= Turkic creation myth =

Ancient Turkic creation myth

The Turkic creation myth is an ancient story about the creation of the Gaoche (Chinese: 高車 / 高车, Pinyin: Gāochē, Wade-Giles: Kao-ch'e) ( Tiele people) told among various Turkic peoples.

== The story ==
The tale is told in Chinese in the Book of Wei and the History of the Northern Dynasties

According to legends, the Xiongnu Chanyu had two daughters, both extremely beautiful. The people of the country all thought them to be spirits. The Chanyu said: "How could I find husbands for my daughters! I am going to give them to Heaven." Thereupon, at a desolate place in the north part of the country, he erected a high platform and placed his two daughters on the top, saying: "Oh Heaven, please come and receive them yourself!" After three years, their mother wanted to bring them back but the Chanyu said: "You may not, their time is not up yet." After another year, there was an old wolf who guarded the platform day and night, howling.
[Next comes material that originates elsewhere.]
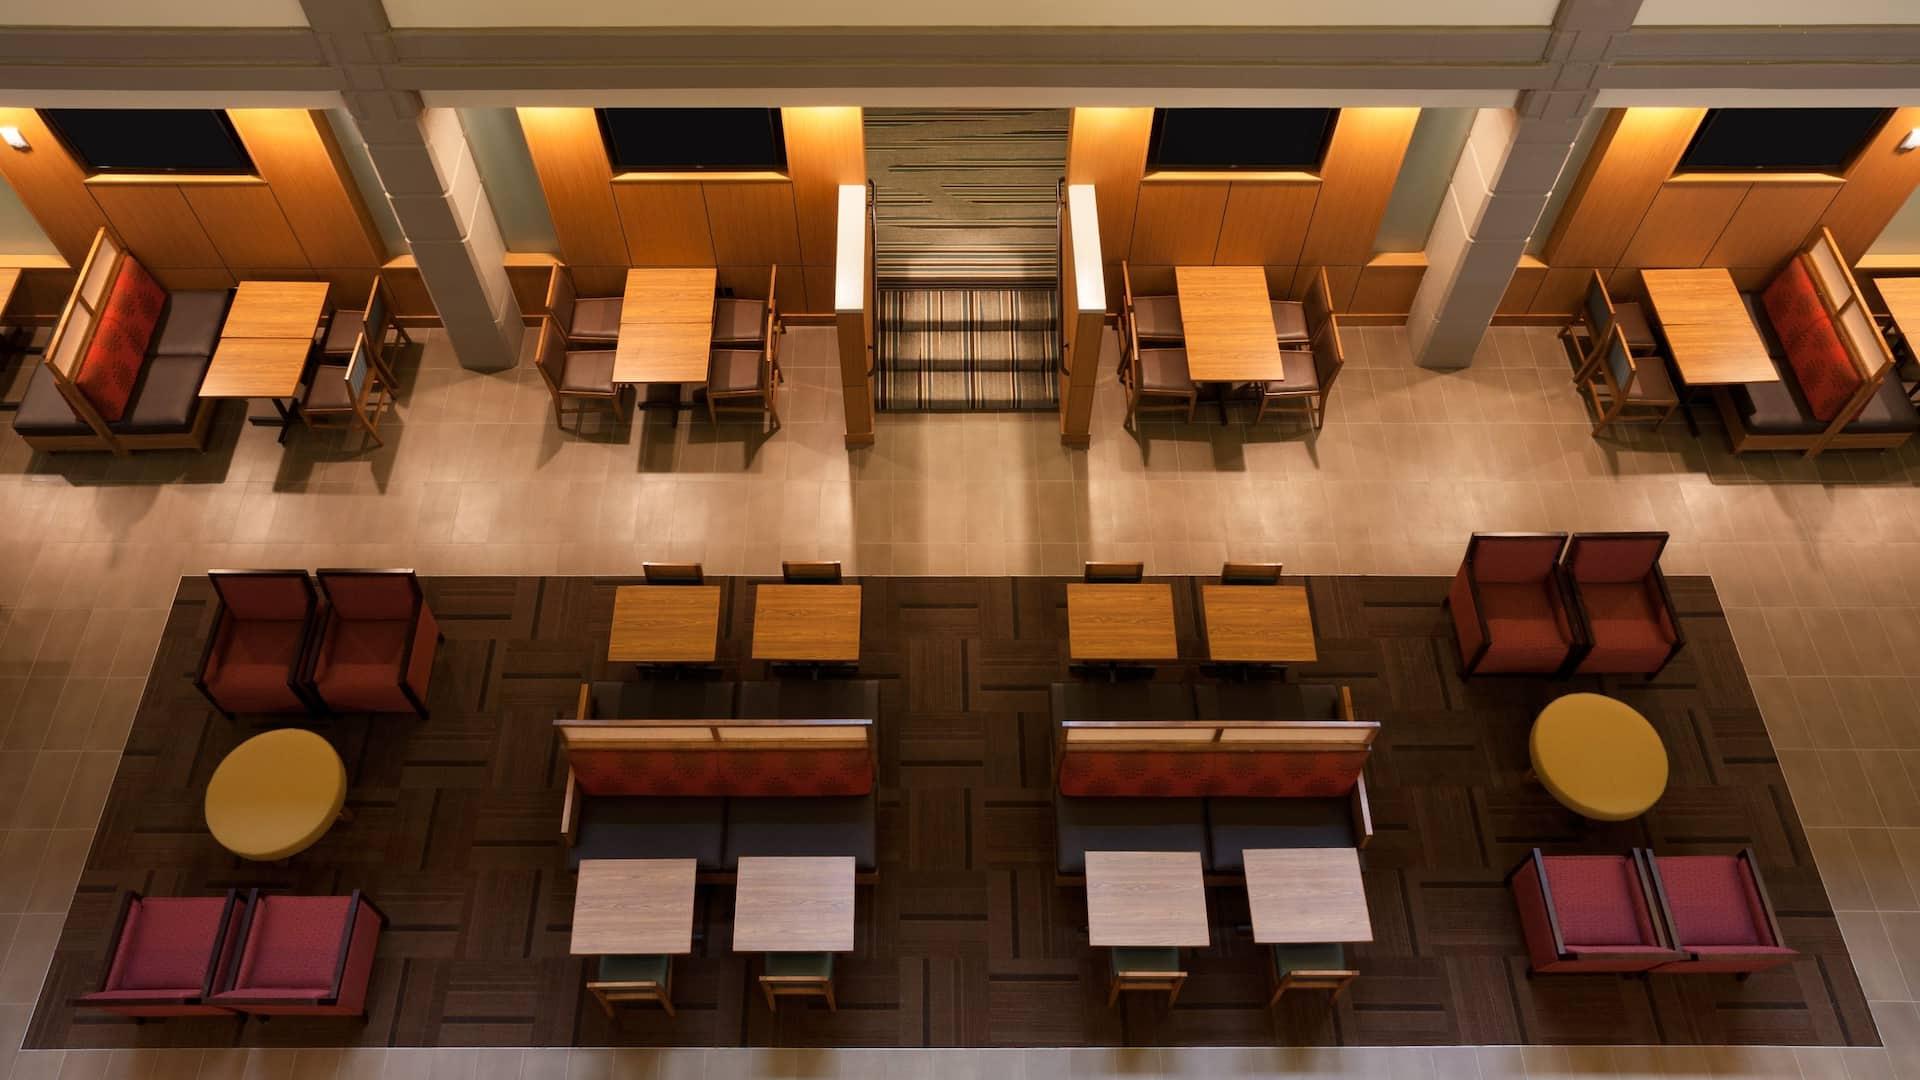 South atrium seating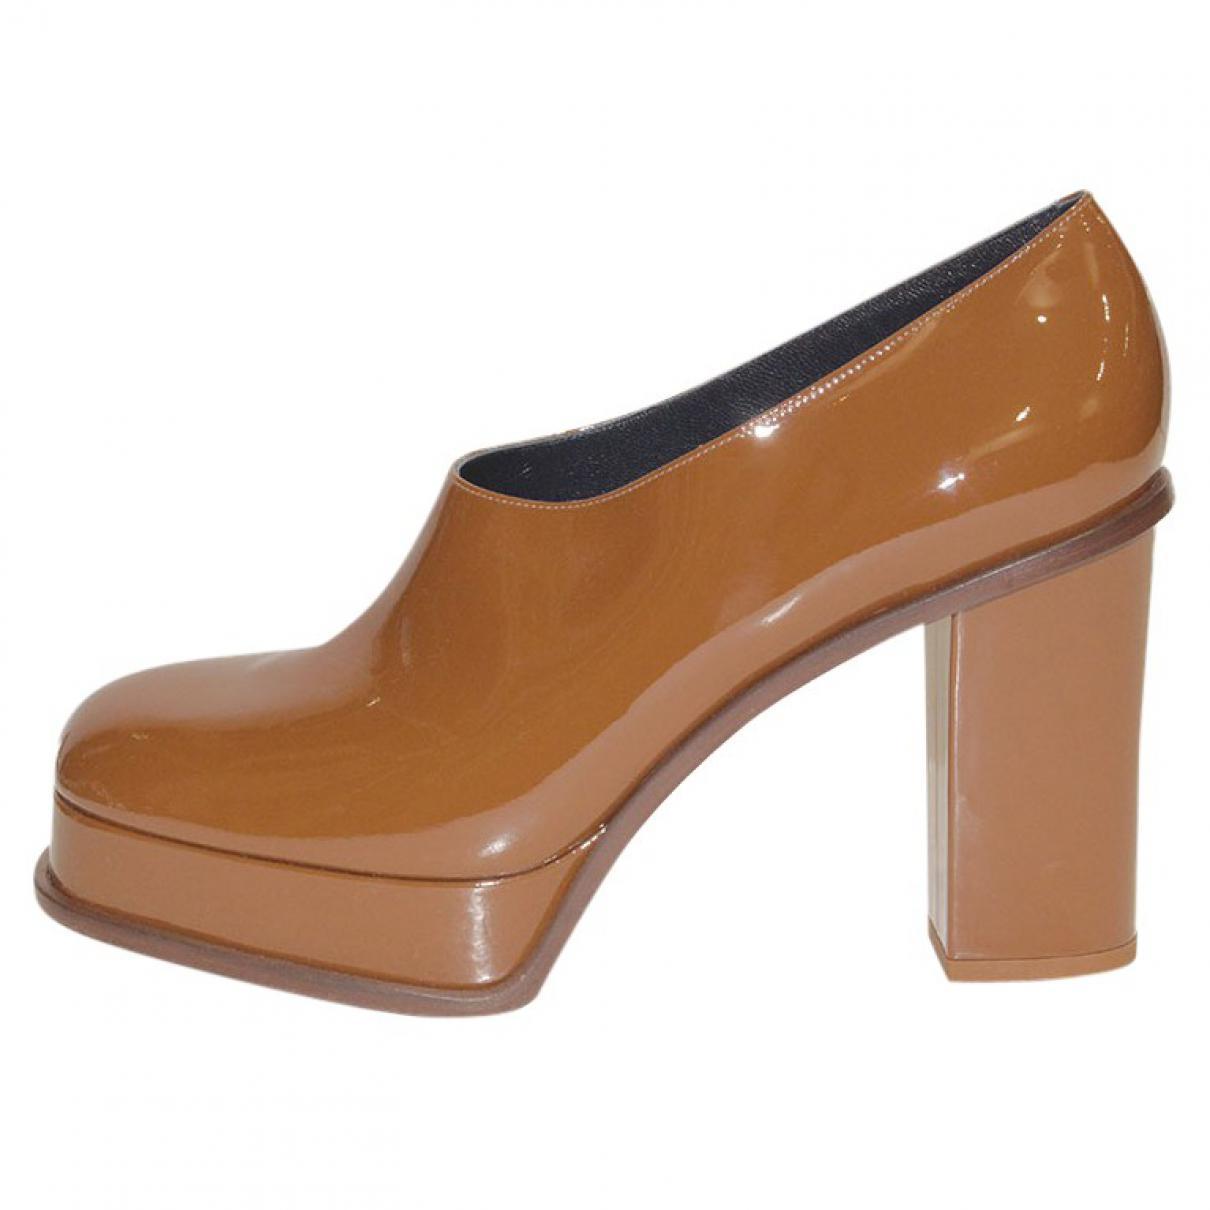 Buy Celine Shoes Uk

It dug a hole underneath the platform and would not leave for a long time. The younger daughter said: "Our father put us here, wanting to give us to Heaven. Now this wolf came here, it is probably a heavenly being, sent by Heaven." She was about to descend and approach the wolf but her elder sister said in horror: "This is a beast! Do not bring disgrace to our parents." The younger sister did not listen to her, she descended and became the wolf's wife and gave birth to children. Later on, they multiplied and formed a state. This is why their people like to sing long-songs with a drawn-out voice, similar to the howling of wolves.
— Weishu, 103; translated by Inaba Minoru.